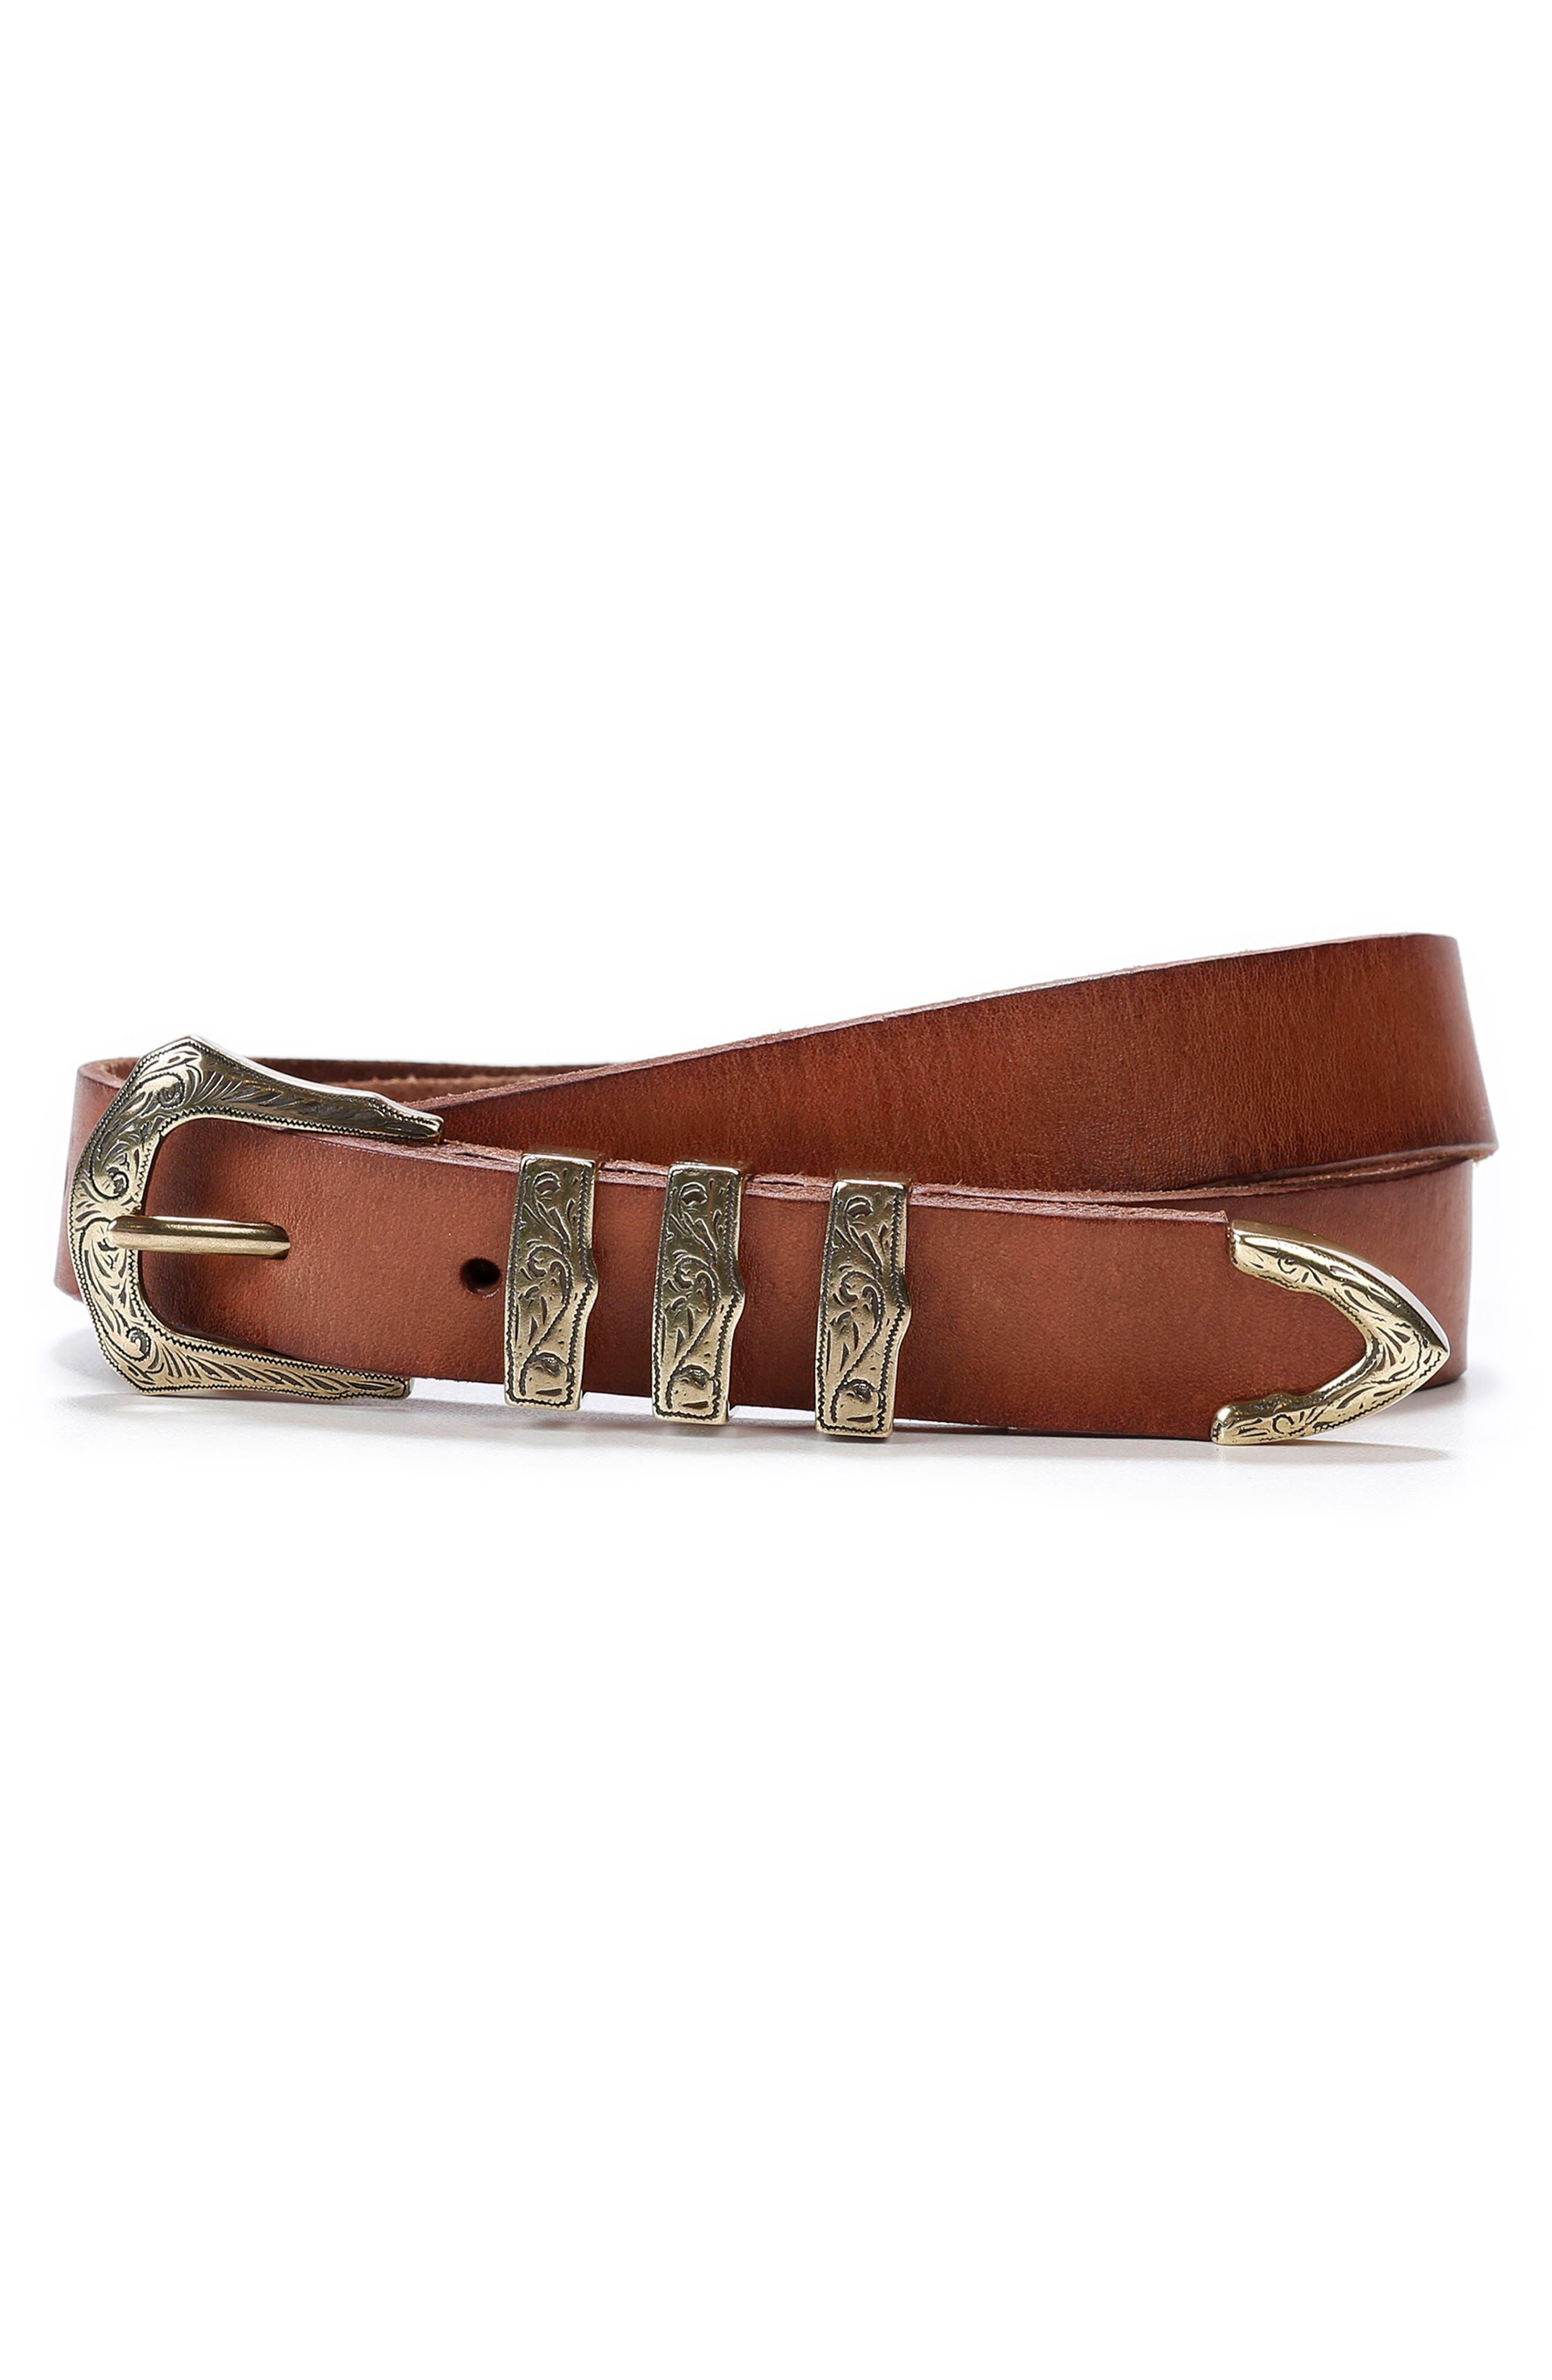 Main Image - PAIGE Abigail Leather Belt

--

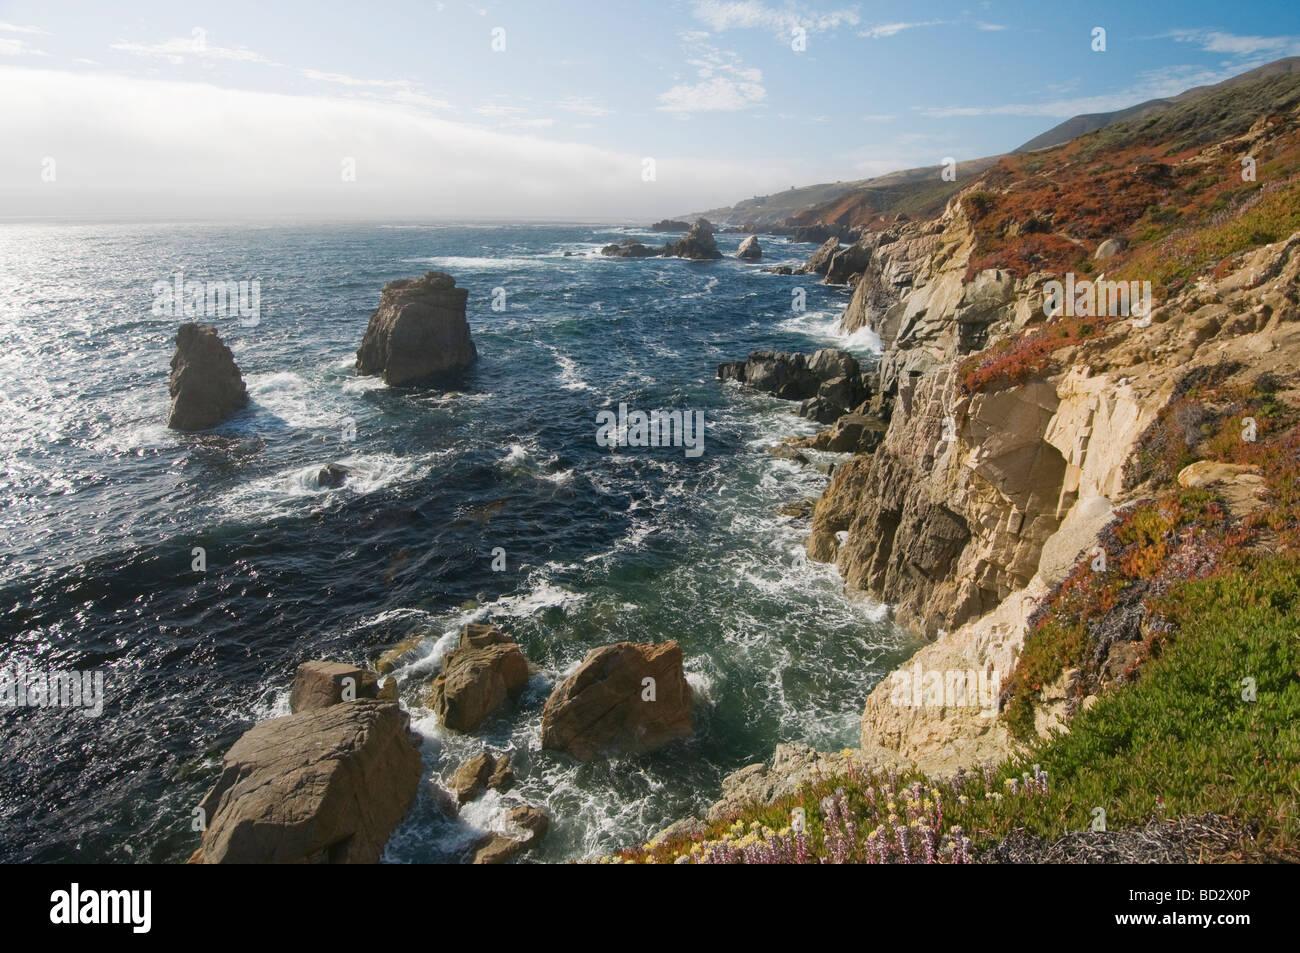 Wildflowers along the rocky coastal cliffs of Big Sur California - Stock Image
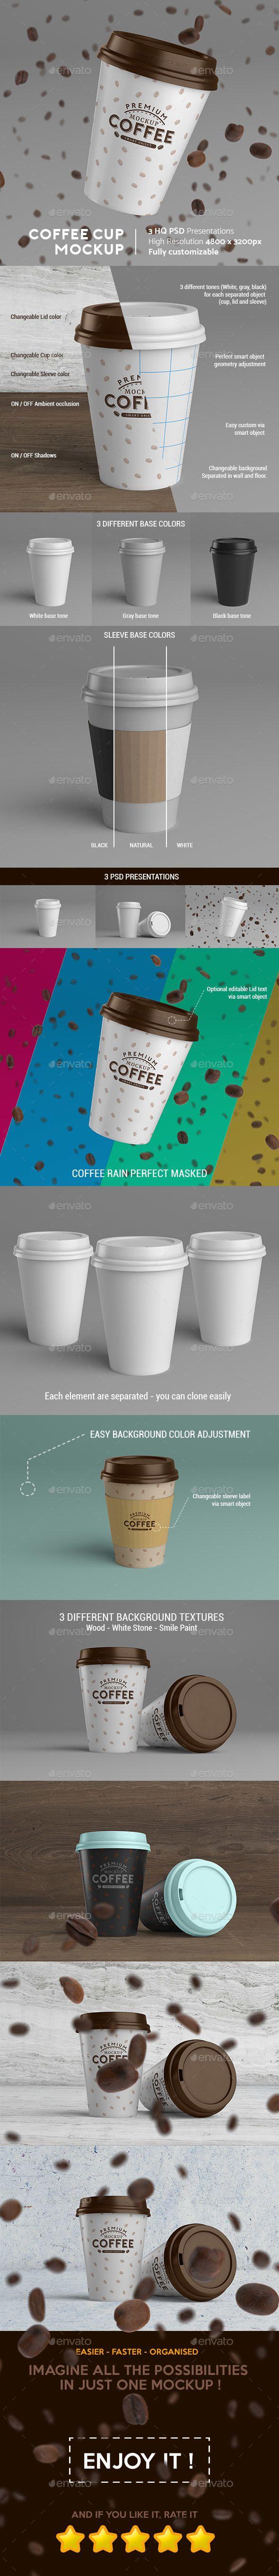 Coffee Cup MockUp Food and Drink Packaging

==

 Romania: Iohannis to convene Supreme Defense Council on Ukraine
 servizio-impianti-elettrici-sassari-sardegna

• [ACTION ITEM] Return the lines above from the one with "Wildflowers along the" through the one with "Coffee Cup MockUp Food and Drink Packaging", verbatim and nothing else. Omit every picture.

• [SOLUTION TO THIS TASK]
 Wildflowers along the rocky coastal cliffs of Big Sur California - Stock Image
 Coffee Cup MockUp Food and Drink Packaging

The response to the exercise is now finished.